- PROMPT -
Leave out the pictures and retype, exactly, the lines below from the line with "7537 desktop background windows 7." up to and including the line with "EDM、ループ:ゲームの飛空挺っぽいの再生済みの波形", nothing more.

- THE DATA -

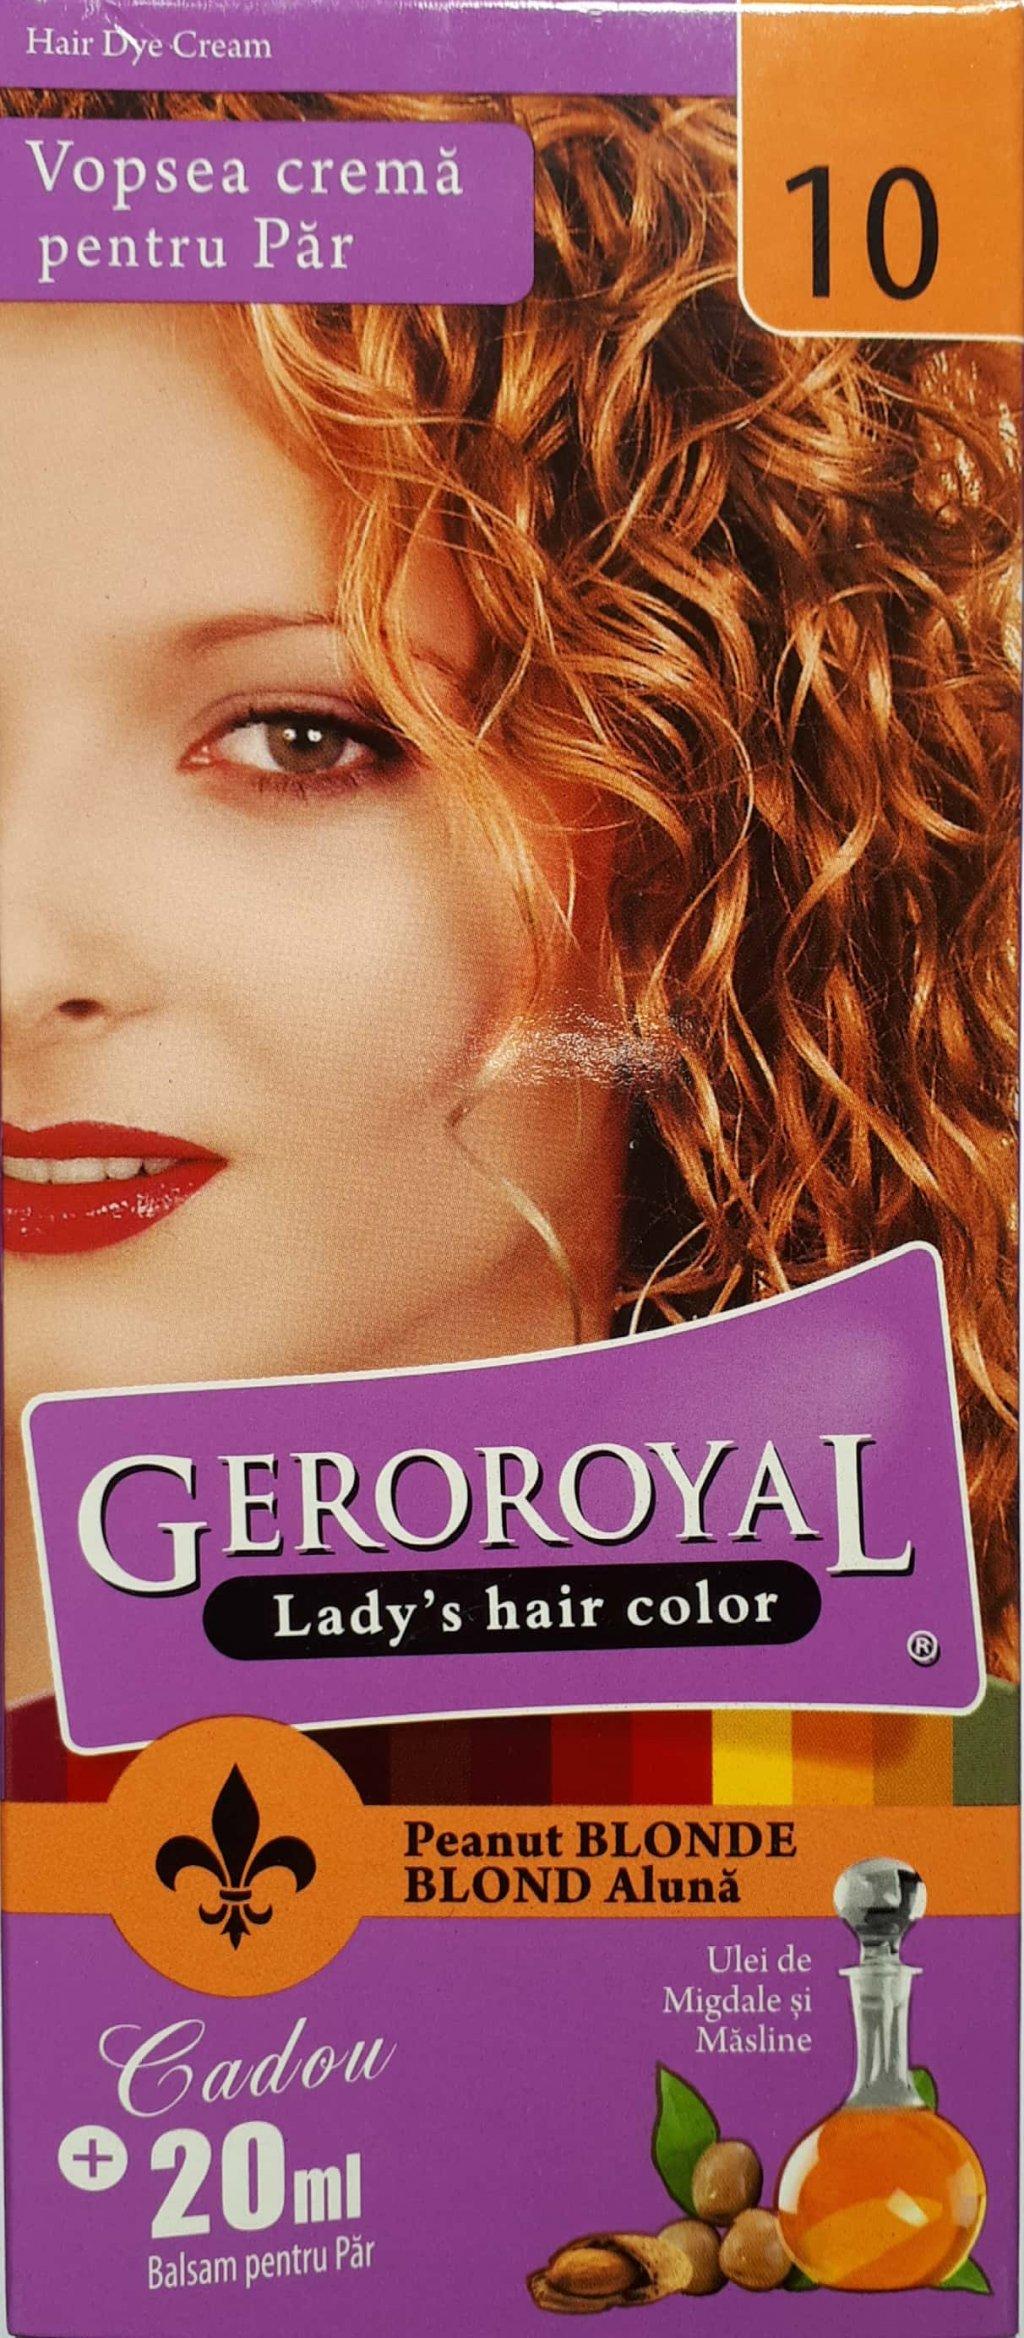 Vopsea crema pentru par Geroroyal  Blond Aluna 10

--

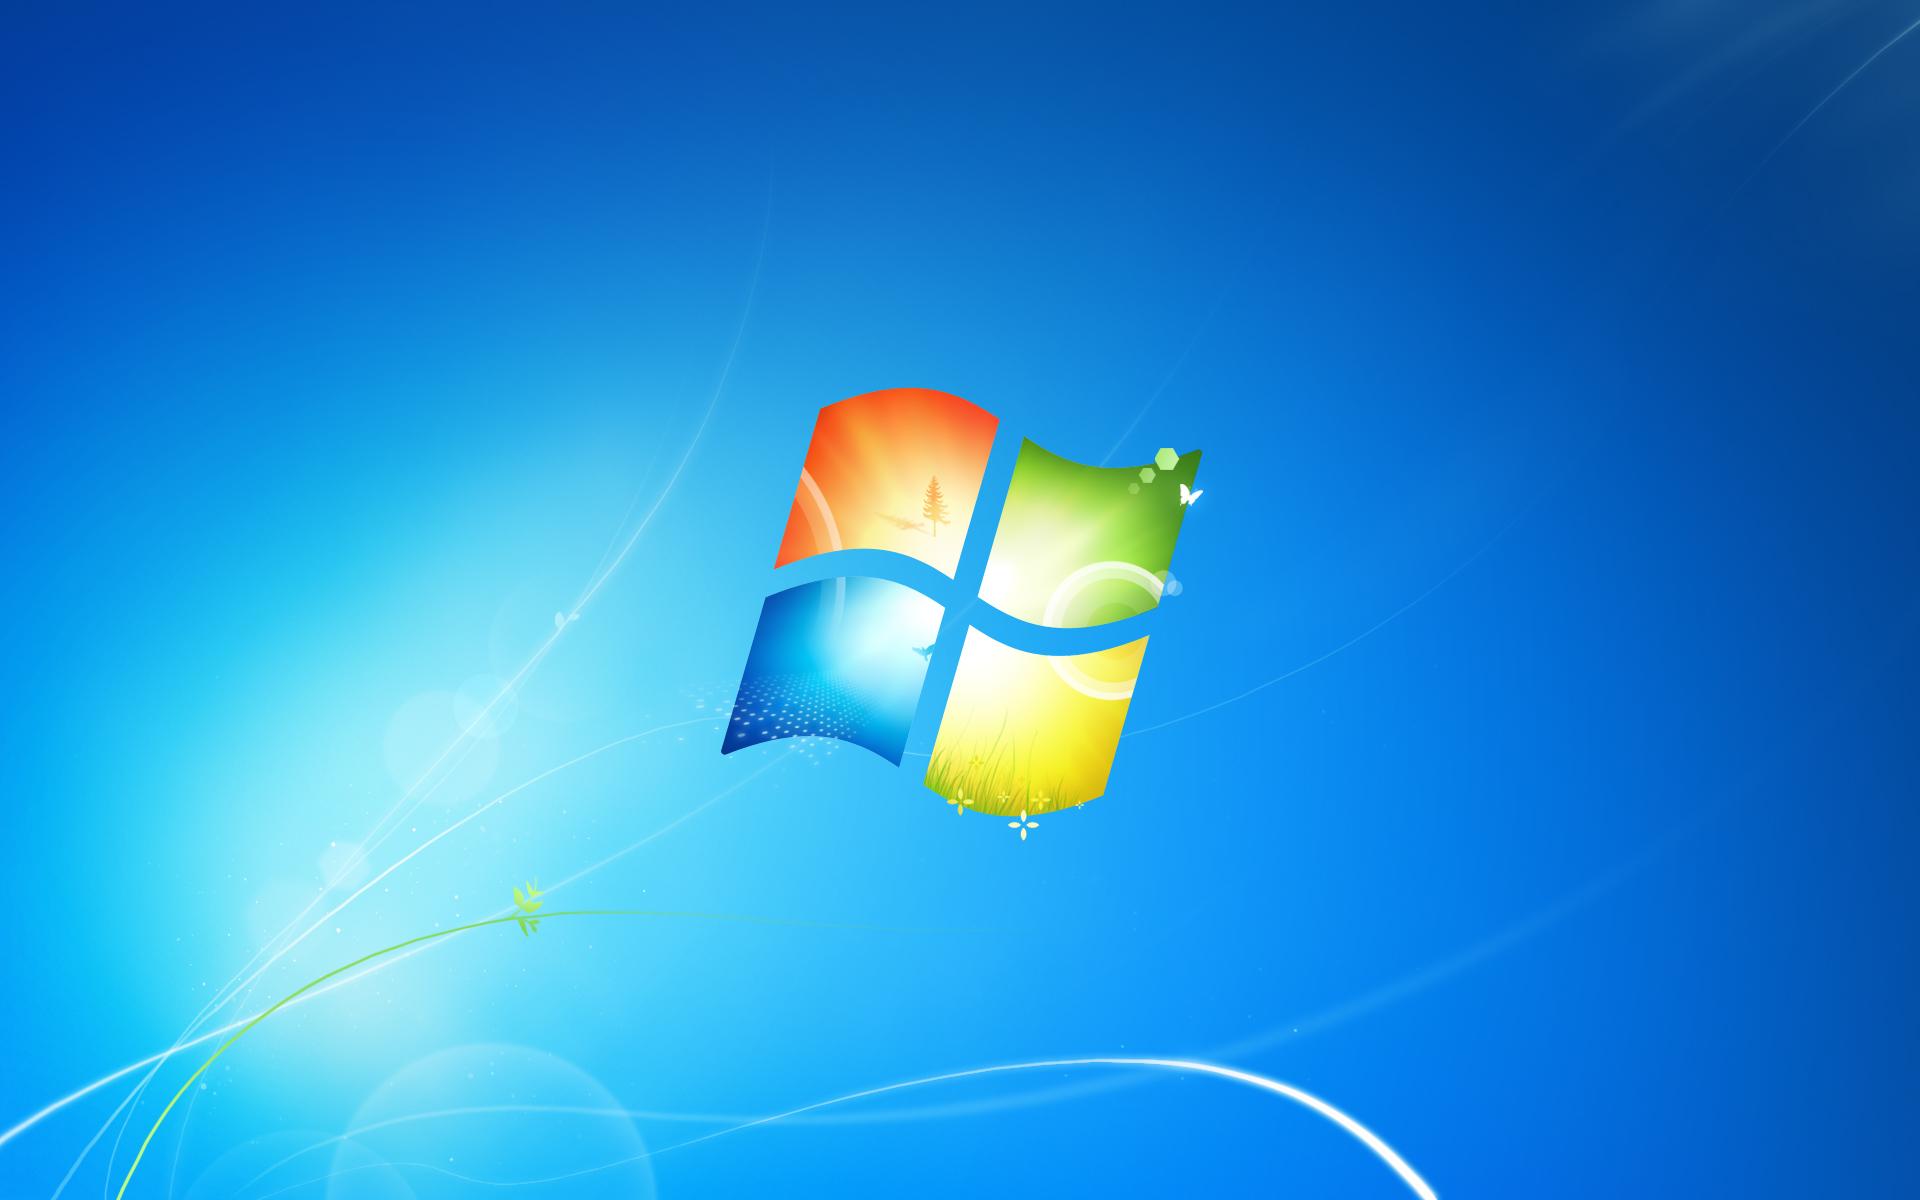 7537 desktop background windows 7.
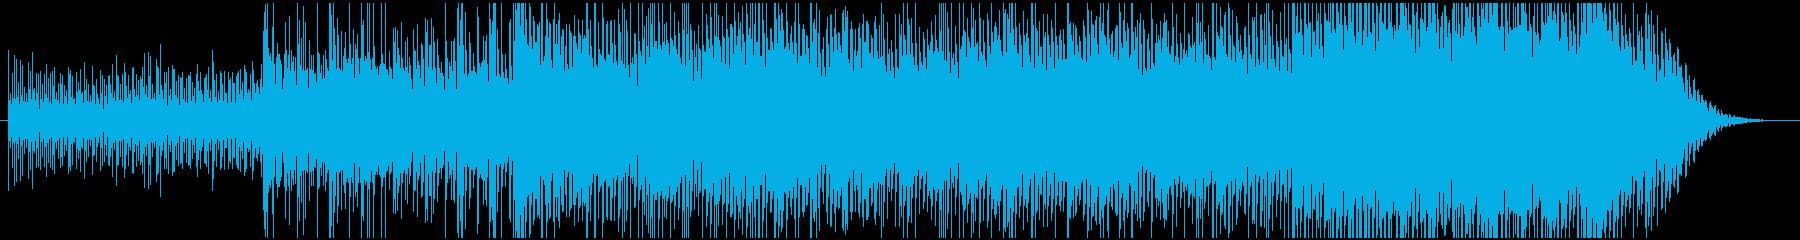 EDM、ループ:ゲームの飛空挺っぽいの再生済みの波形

==

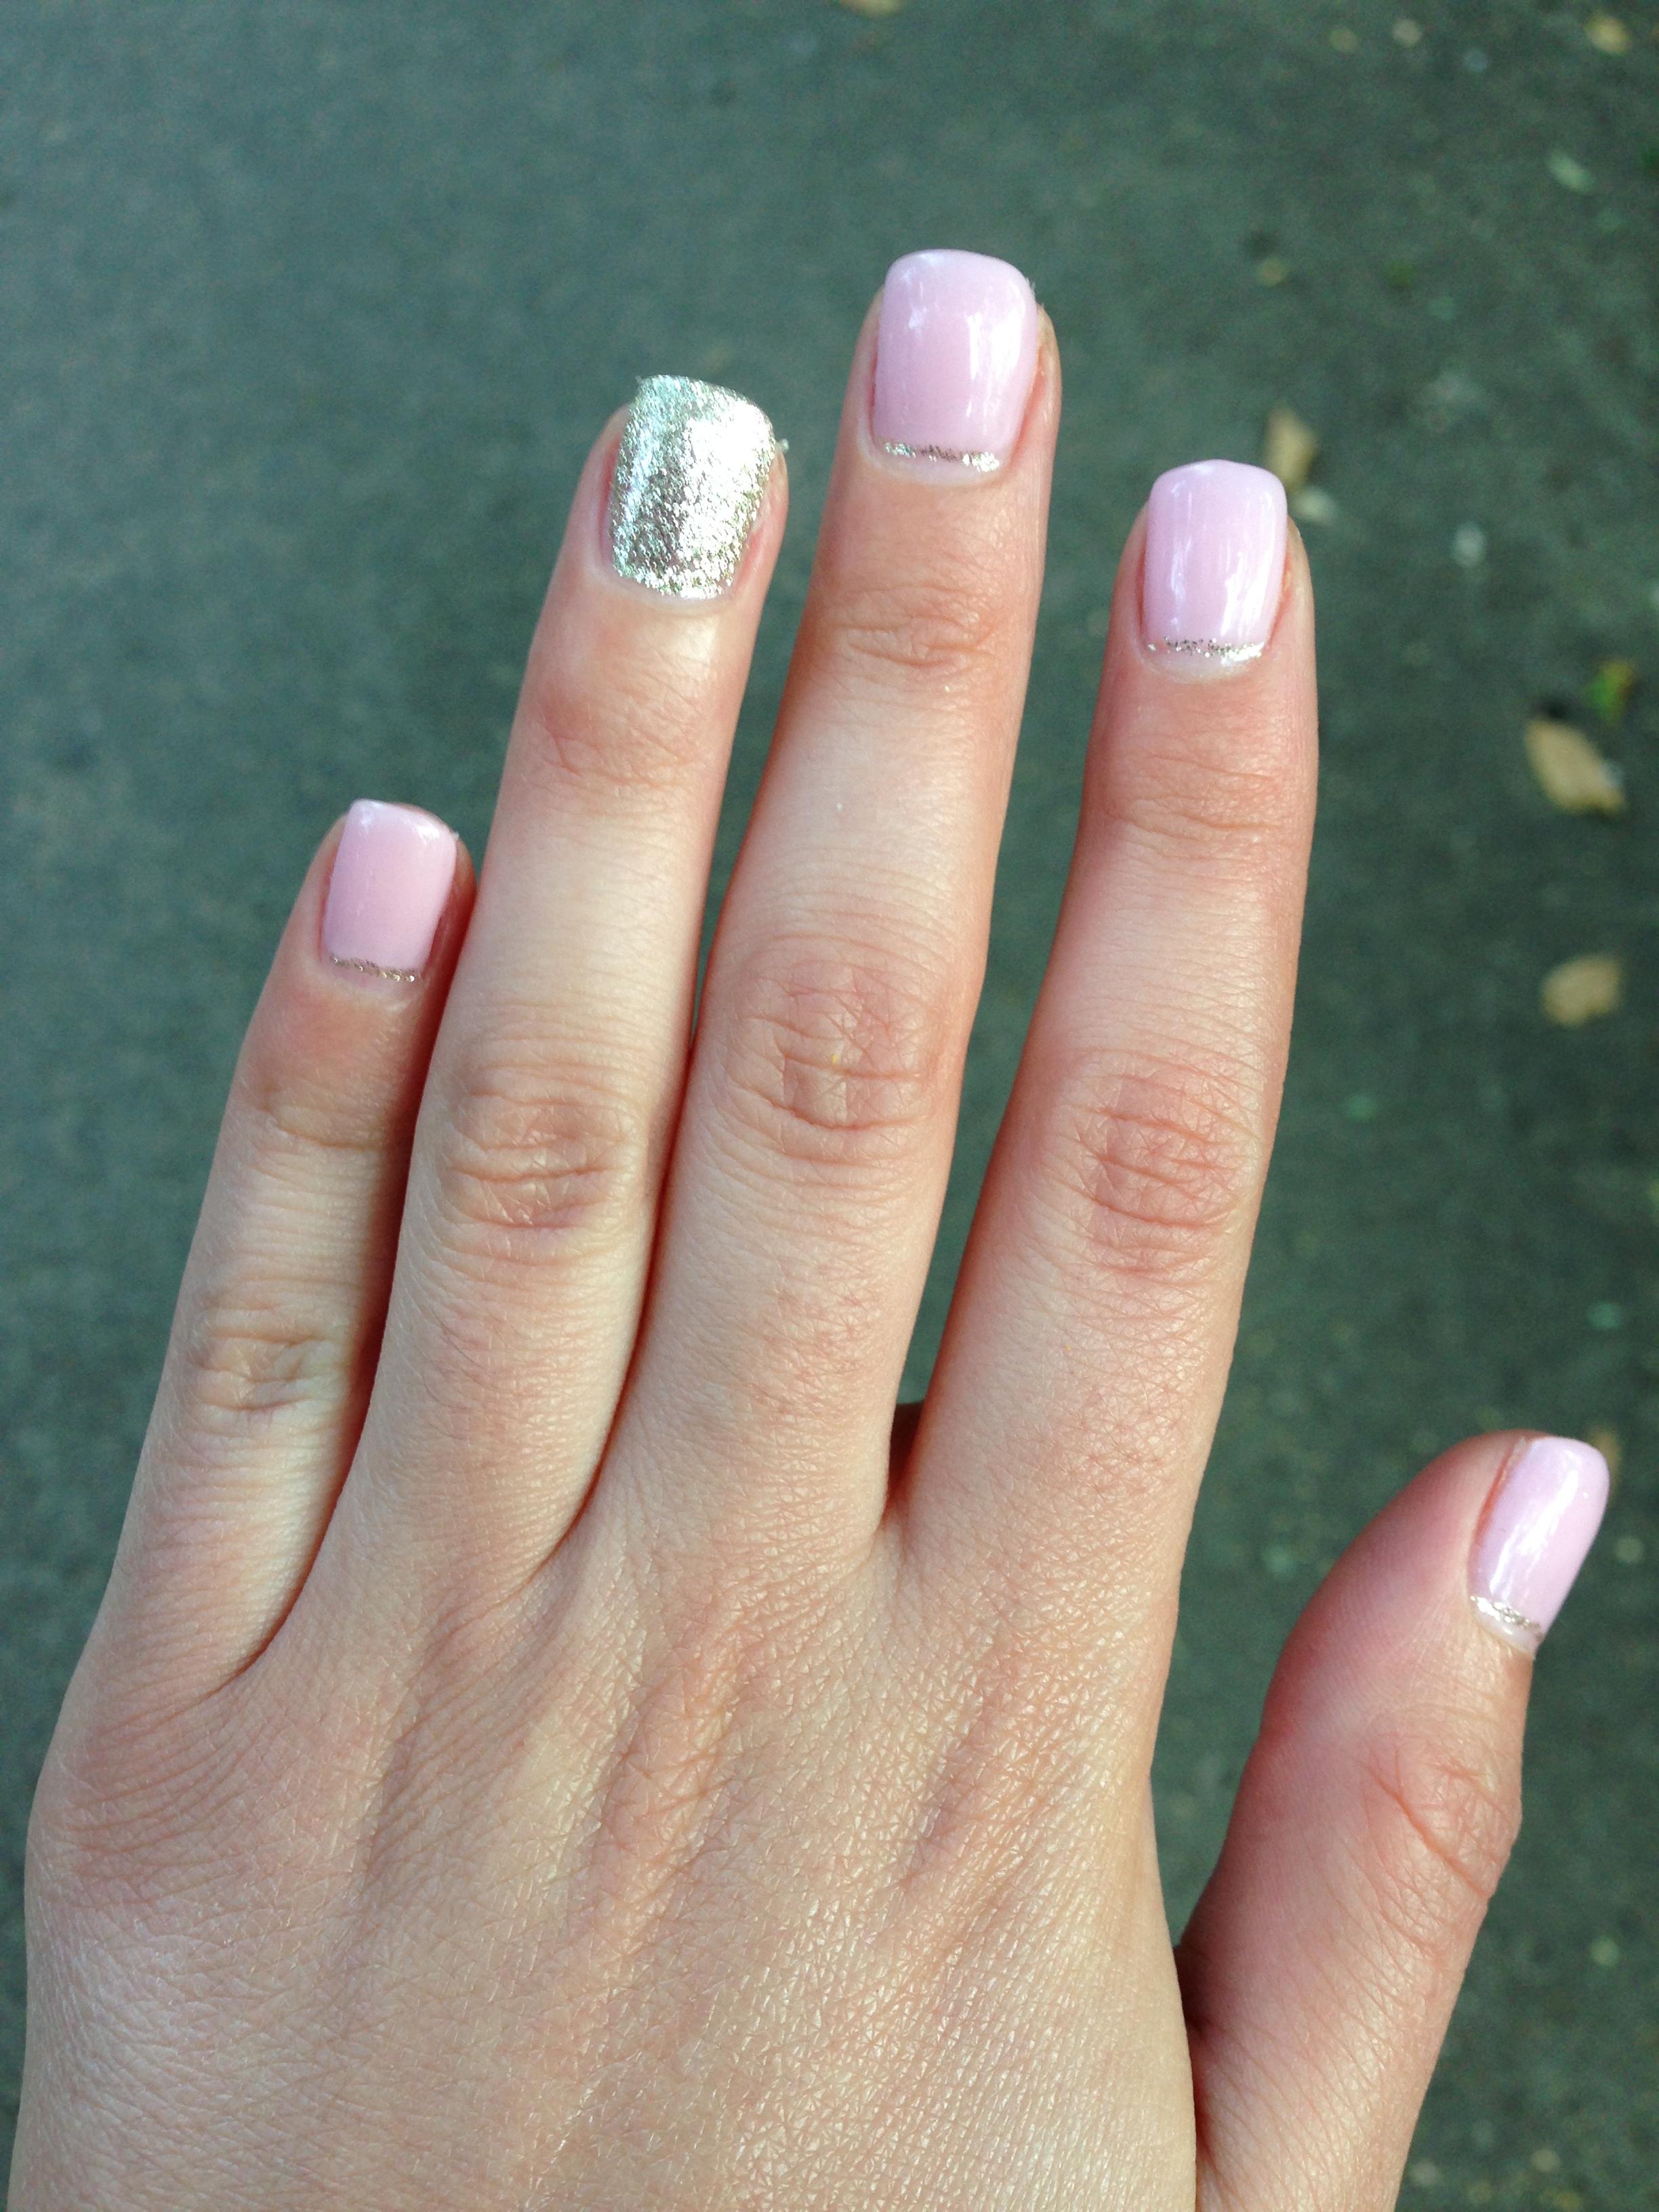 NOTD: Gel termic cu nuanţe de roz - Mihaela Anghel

- ANSWER AREA -
 7537 desktop background windows 7.
 EDM、ループ:ゲームの飛空挺っぽいの再生済みの波形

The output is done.